Influences of Potential Barrier Scattering on the Thermoelectric Properties of Sintered n-Type PbTe with a Small Grain Size

Abstract

Sintered degenerate n-type PbTe samples with a grain size down to about 0.2 µm were prepared and their thermoelectric properties subsequently measured. Accordingly, the effects of grain size on thermoelectric properties were investigated. For samples with a grain size above ∼0.5 µm, the Seebeck coefficient and thermoelectric figure-of-merit increased with decreasing grain size. In particular, the room-temperature figure-of-merit reached a maximum value of ∼4×10-4 K-1, which is about twice as large as the value of a large-grain-size sample with the same carrier concentration reported in the literature.
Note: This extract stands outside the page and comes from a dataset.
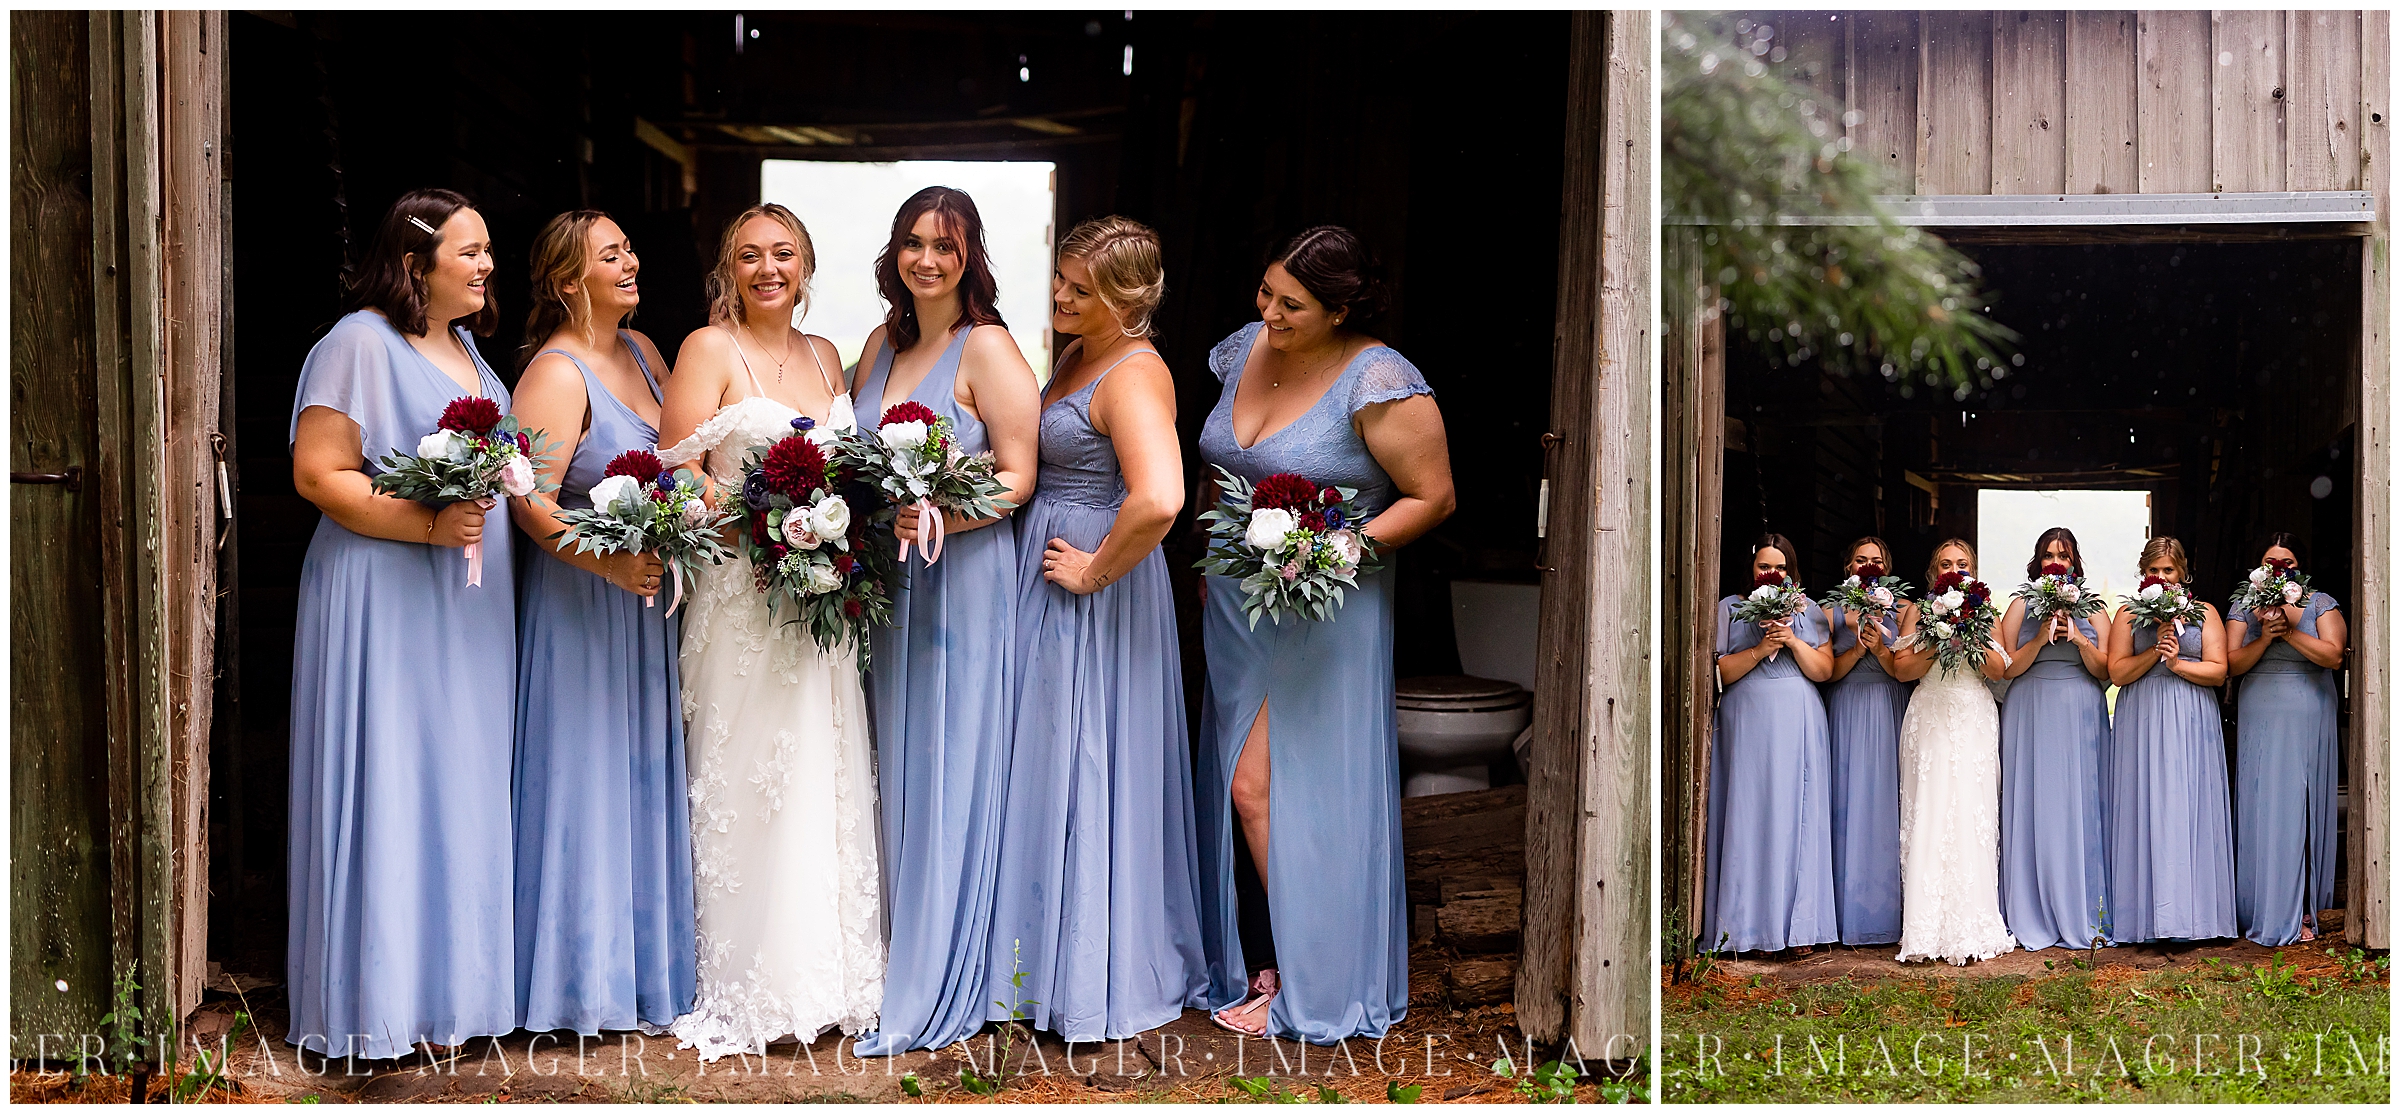 memorial-day-wedding-barn-dress-bride-dusty-blue

For samples with a grain size below ∼0.5 µm, with decreasing grain size, the Seebeck coefficient increased but the figure-of-merit did not increase because of a substantial decrease in electrical conductivity. The increase in the Seebeck coefficient with decreasing grain size was probably caused by the potential barrier scattering at grain boundaries. On the other hand, the decrease in electrical conductivity is explained mainly by the porosity effect. Thus, we consider that if a sintered PbTe sample with a smaller grain size and a lower porosity is prepared, a larger improvement in the figure-of-merit due to the potential barrier scattering can be obtained.